While recording video, one can also take still images with around 3.2 megapixels, but only up to 6 pictures during the whole recording, no matter the length or the size of the video, even if this video is paused. Samsung has not given a reason for this limit.

The S4 Zoom has a rotary knob ring around the zoom lens that can be used for optical zooming and to launch the camera from a dedicated mode selector. The rotary ring knob can mount some compatible ring lights for macro photography.

Screen 
The screen has the same specifications as the S4 Mini, with a qHD (not to be confused with QHD) Display with 960×540 Pixels and a pixel Density of 256 ppi.  It uses Super-AMOLED-Technology, like most of Samsung's mid-range or flagship smartphones. It is protected with Gorilla Glass 3, unlike the Gorilla Glass 2 used on the Galaxy S3, Galaxy Note 2 and Galaxy S4 Active. The Galaxy S4 (main model) has Gorilla Glass 3 as well.

Galaxy K Zoom

In June 2014 the successor to the Galaxy S4 Zoom, the Galaxy K Zoom model (SM-C115) - also known as Galaxy S5 Zoom - was released.

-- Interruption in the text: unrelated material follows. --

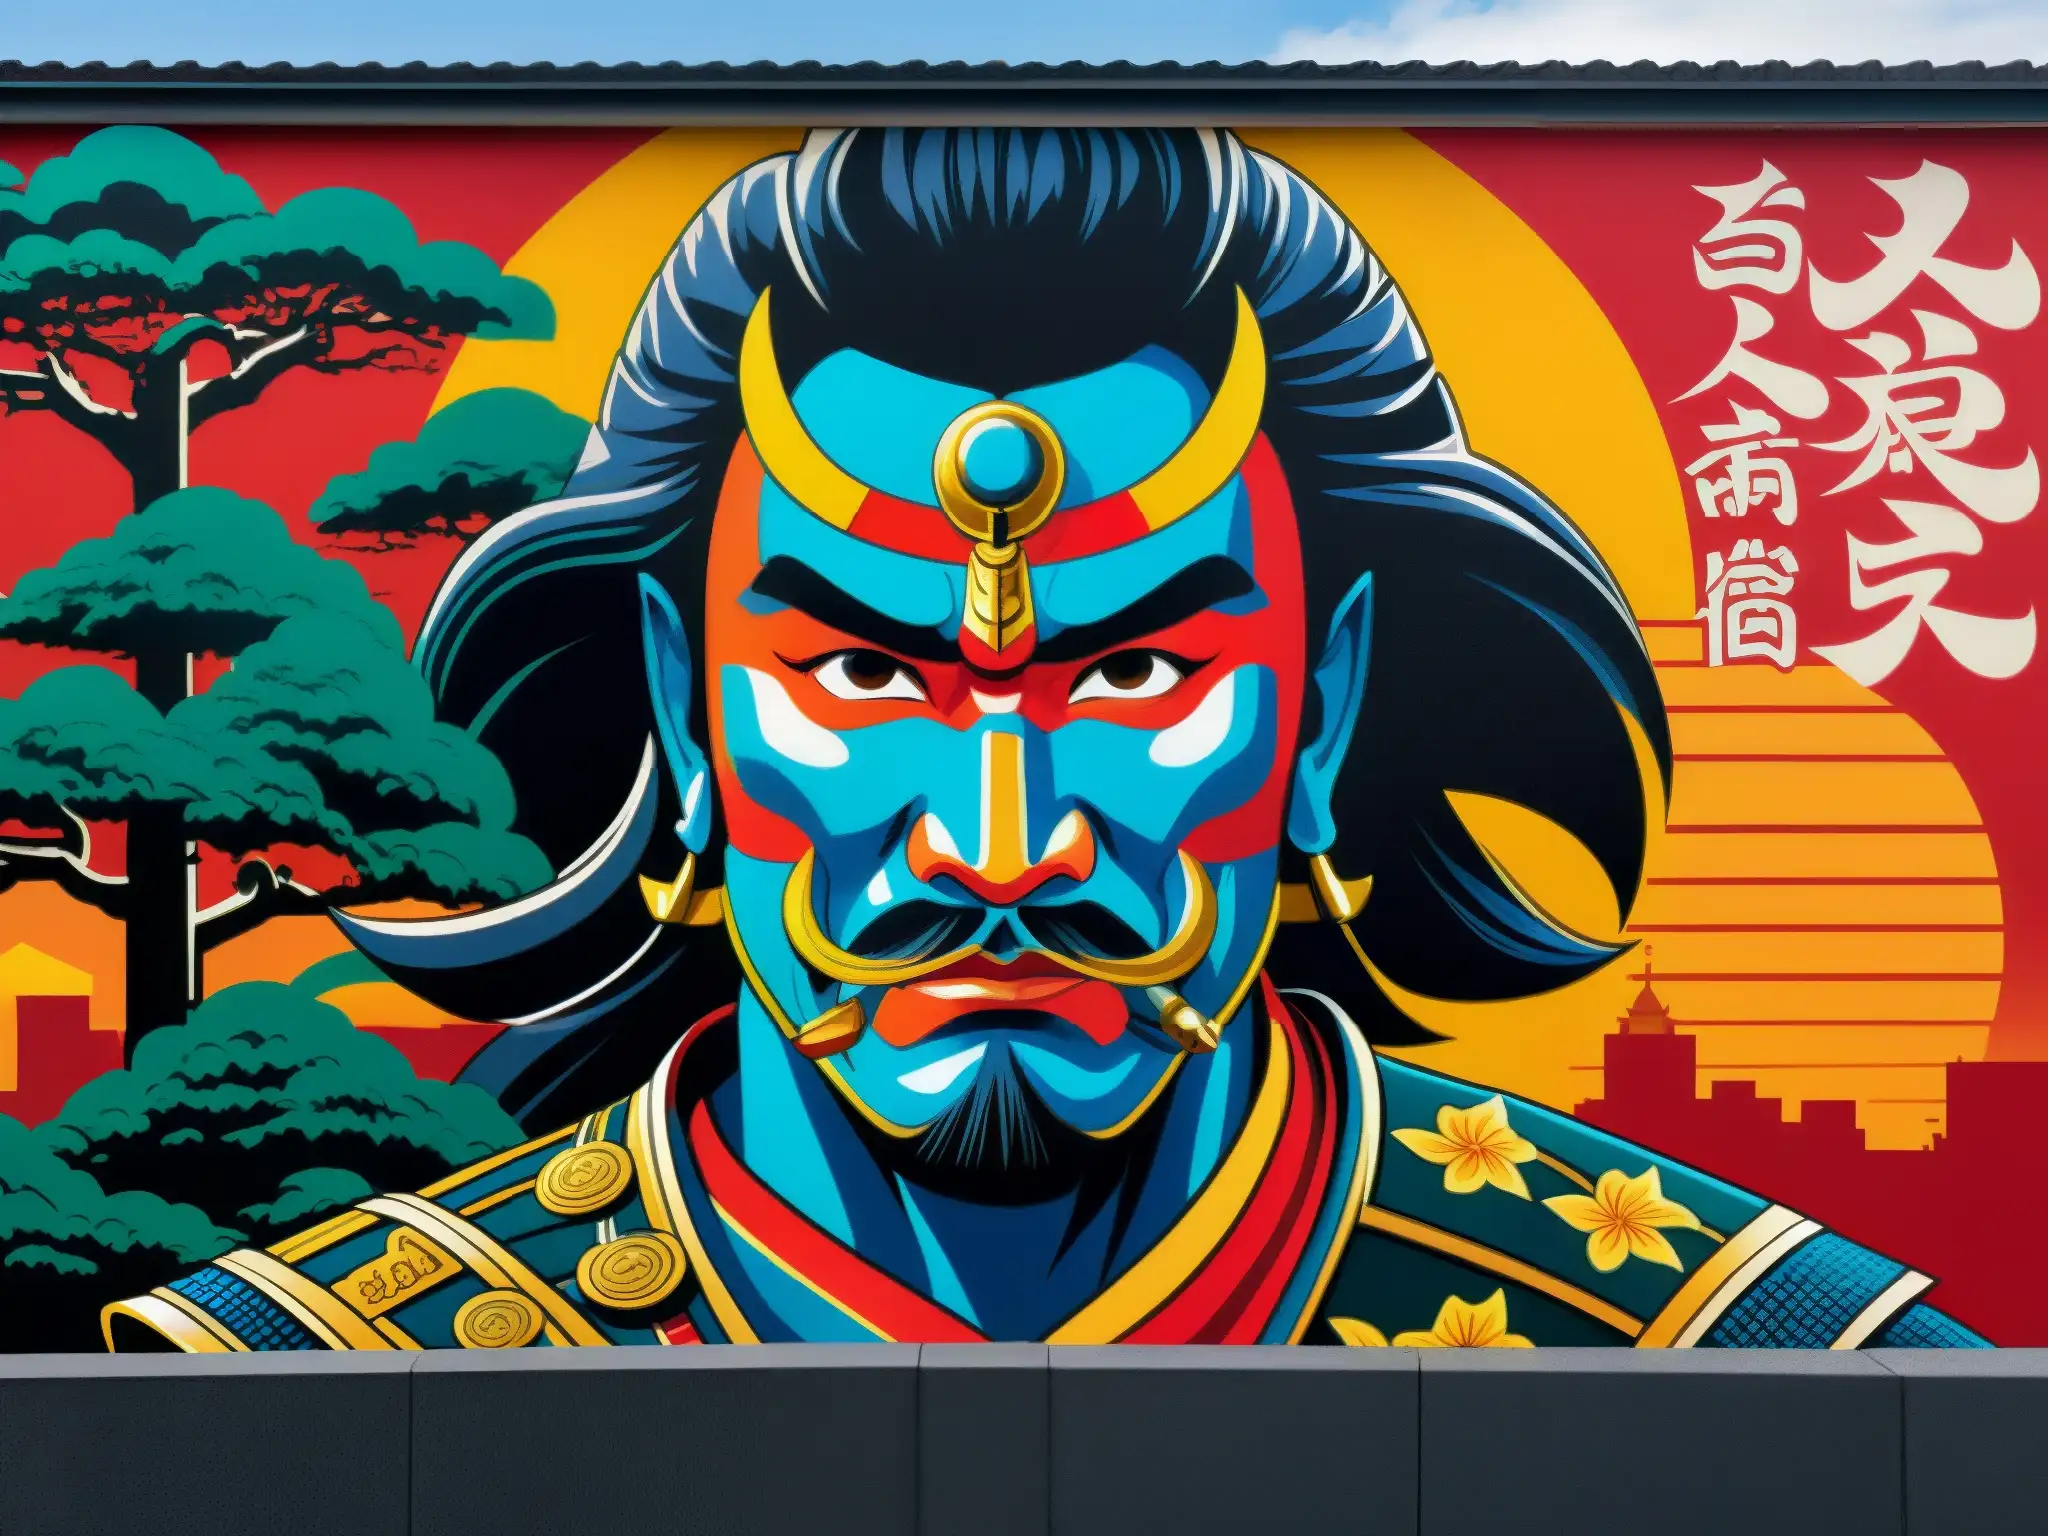 Un vibrante mural en Tokyo del rebelde samurái Taira Masakado, fusionando historia y modernidad en colores intensos y detallados

It comes with a 10x zoom camera (24-240mm) with 20.7 megapixels, with Android 4.4.2. The Galaxy K Zoom also utilizes the letter 'K' for "Kapture" or "Kamera". Its slogan is "Capture the Moment".

Its removable polycarbonate rear cover has the same dotted pattern as the Galaxy S5, and it shares the same version of TouchWiz (Nature UX 3.0).

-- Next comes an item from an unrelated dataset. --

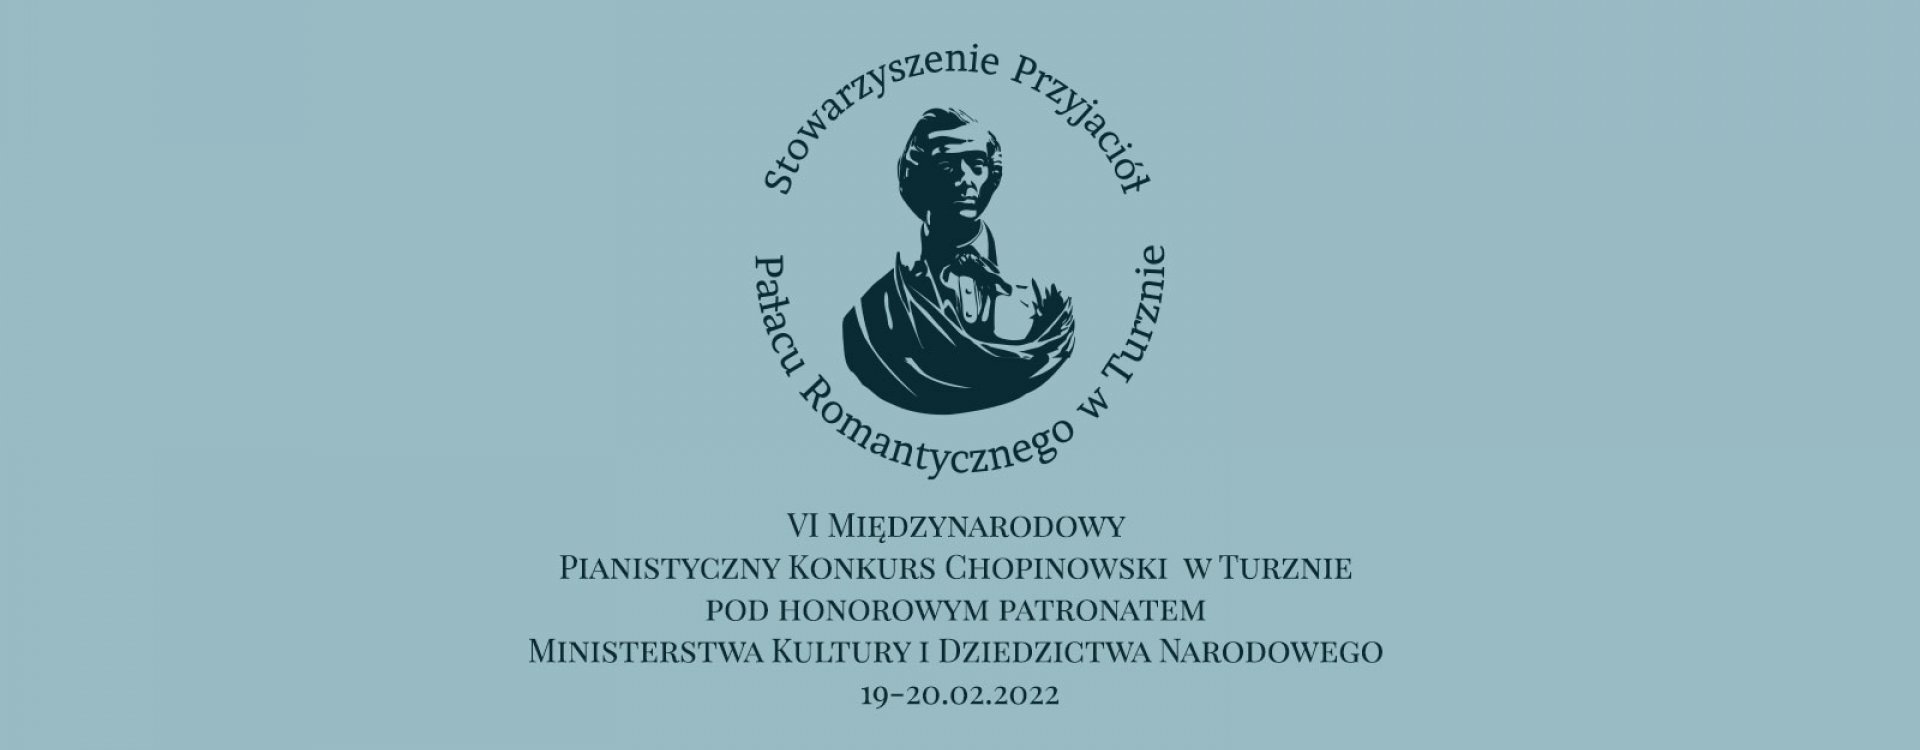 VI Międzynarodowy Pianistyczny Konkurs Chopinowski w Turznie pod honorowym patronatem Ministerstwa Kultury i Dziedzictwa Narodowego        19-20.02.2022

Although lacking 4K (2160p) video, it supports video recording with 1080p at 60 frames per second and slow motion 720p at 120 frames per second, the latter without audio.

Its camera software features a "Pro Suggest" mode that automatically suggests the appropriate camera modes for the current scene.

The K Zoom has 2 GB RAM, 8 GB own flash, microSD, NFC, Wi-Fi, Bluetooth 4.0, 4.8 inch 1280×720 px Super AMOLED (306 ppi), 6-core Exynos 5 Hexa (Exynos 5260) SoC, Mali-T624 GPU, 200 g and 20.2 millimeters at thickest point.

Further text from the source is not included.